A Love Letter Set to Music
The night a teenager met the girl of his dreams 50 years ago, the stars were bright above
- By Neil Amdur
- Smithsonian magazine, June 2004, Subscribe
(Page 2 of 3)
Fred Parris met Marla, the "girl of my dreams," at an amusement park in West Haven, Connecticut, in May 1954, fifty years ago last month. "Destiny prevailed," Parris recalls. "I couldn't believe my luck." He and Marla got engaged, and when he enlisted in the Army in 1955, she moved in with Parris' family.
After spending a weekend with her in Connecticut, the young soldier spent the entire train ride back to Philadelphia, where he was stationed, thinking about "how we met, the good times, that day in May." He goes on. "When I arrived at camp, I went straight to the day room. There was a piano there and I started playing the chord in my head and the words in my heart. Before I realized it, it was time to go to guard duty. It was a cold, black night, and the stars were twinkling. The setting was very apropos for my feelings and emotions."
Alas, that Connecticut weekend would be the couple's last together. That winter, Marla yielded to her mother's pleas to join her in California. The couple saw each other only one more time.
Over the years, Parris would marry twice, rebound from flirtations with drugs and alcohol, survive a decade-long legal challenge by an ex-Satin to the rights to the name of his group and see "In the Still of the Night" recorded by artists ranging from Ronny Milsap, BoyzIIMen and the Beach Boys. There have been many "Five Satins" groups. Their last hit, "Memories of Days Gone By," was recorded in 1982. The group, with Parris singing lead tenor, still performs at golden oldie convocations.

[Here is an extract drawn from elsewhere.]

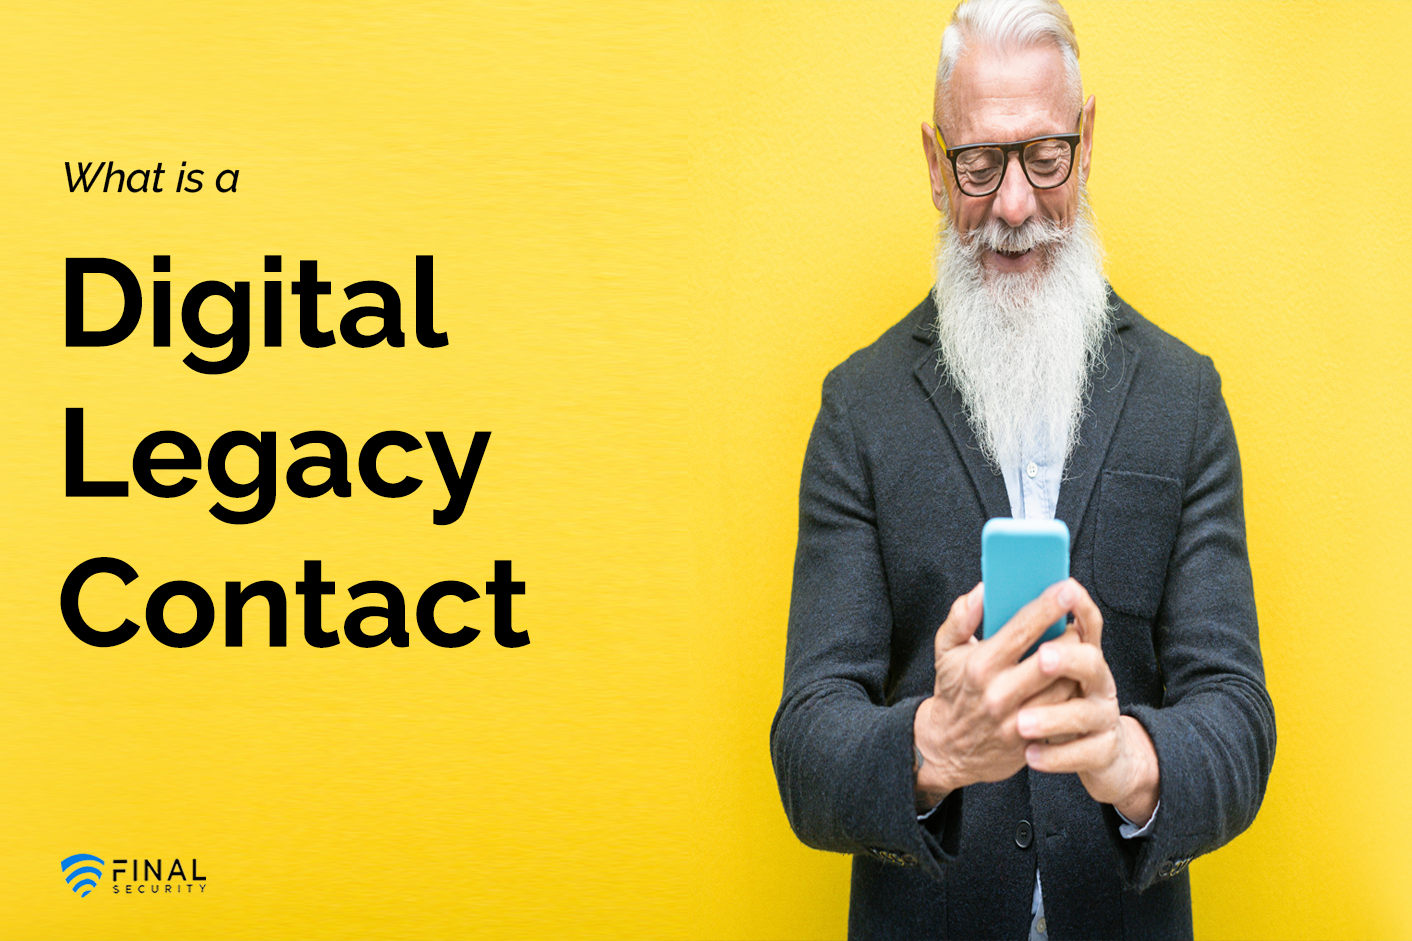 Legacy Contact, Digital Legacy Contact, Digital Legacy, Digital Estate, Digital Legacy Planning, Digital Estate Planning, Info Vault, Important Files, Digital Death, End-of-Life Services, Your Legacy, Legacy Planning, Estate Planning, Financial Planning, Funeral Planning, Preneed Planning

"The song was like a love letter set to music," Parris says today. "It squeezed every bit of romance out of me."
"It's an accident that happened perfectly," Walt DeVenne, a Boston-area disc jockey for almost four decades, says of the song’s enduring quality. "It was our music—the kids' music. Blacks, whites. The music was good. You didn't care if it was white or black. It didn't matter."

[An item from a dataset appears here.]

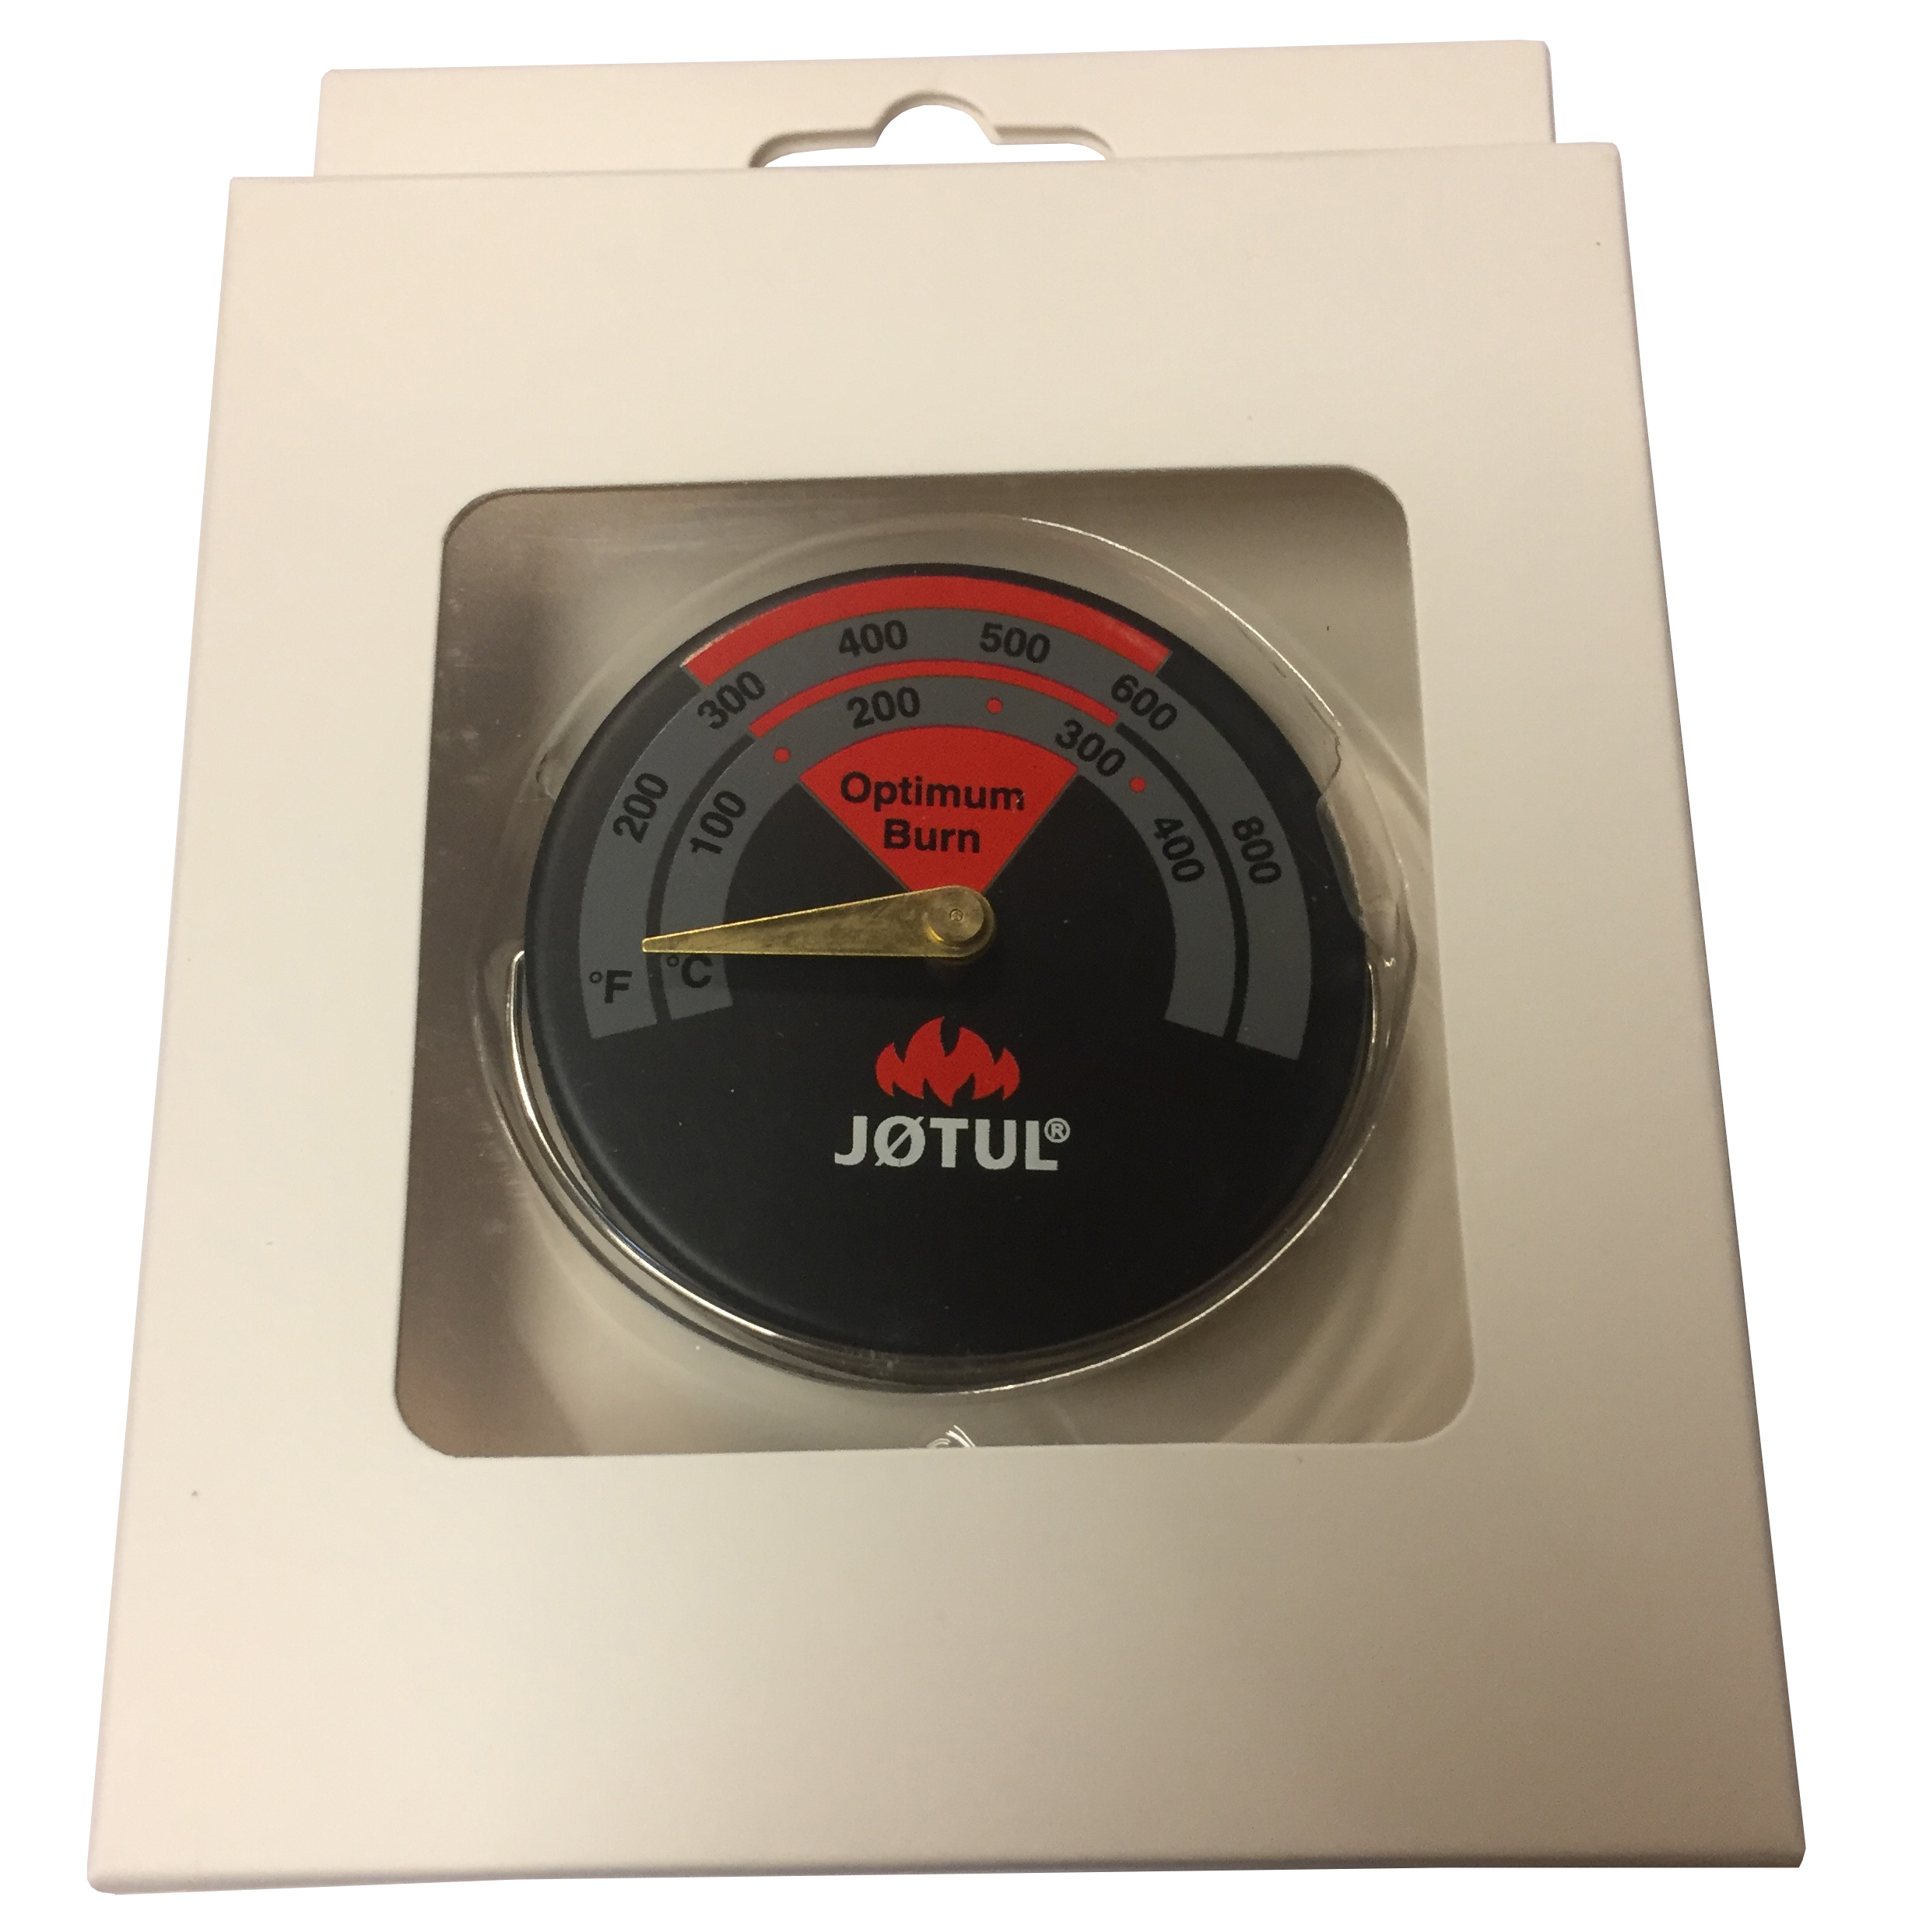 Jotul Wood Stove Magnetic Stove Top Thermometer: 5002

Film and TV composer Ron Jones agrees. "There's a tangible chemistry that the song evokes," he says. "The black farmer in Mississippi can listen to it differently than a steelworker in Canada, but they both relate to the romance of the time and the mind." It makes you feel, he adds, "like being on Sputnik looking down rather than being in a car looking up. It's this broad landscape, with lyrics so broad you could be in Russia. It's operatic, with a high tenor above the accompaniment like 'Ave Maria,' and its chord progressions are hymn-like, like knights in shining armor. That's why it has the power. It is universal."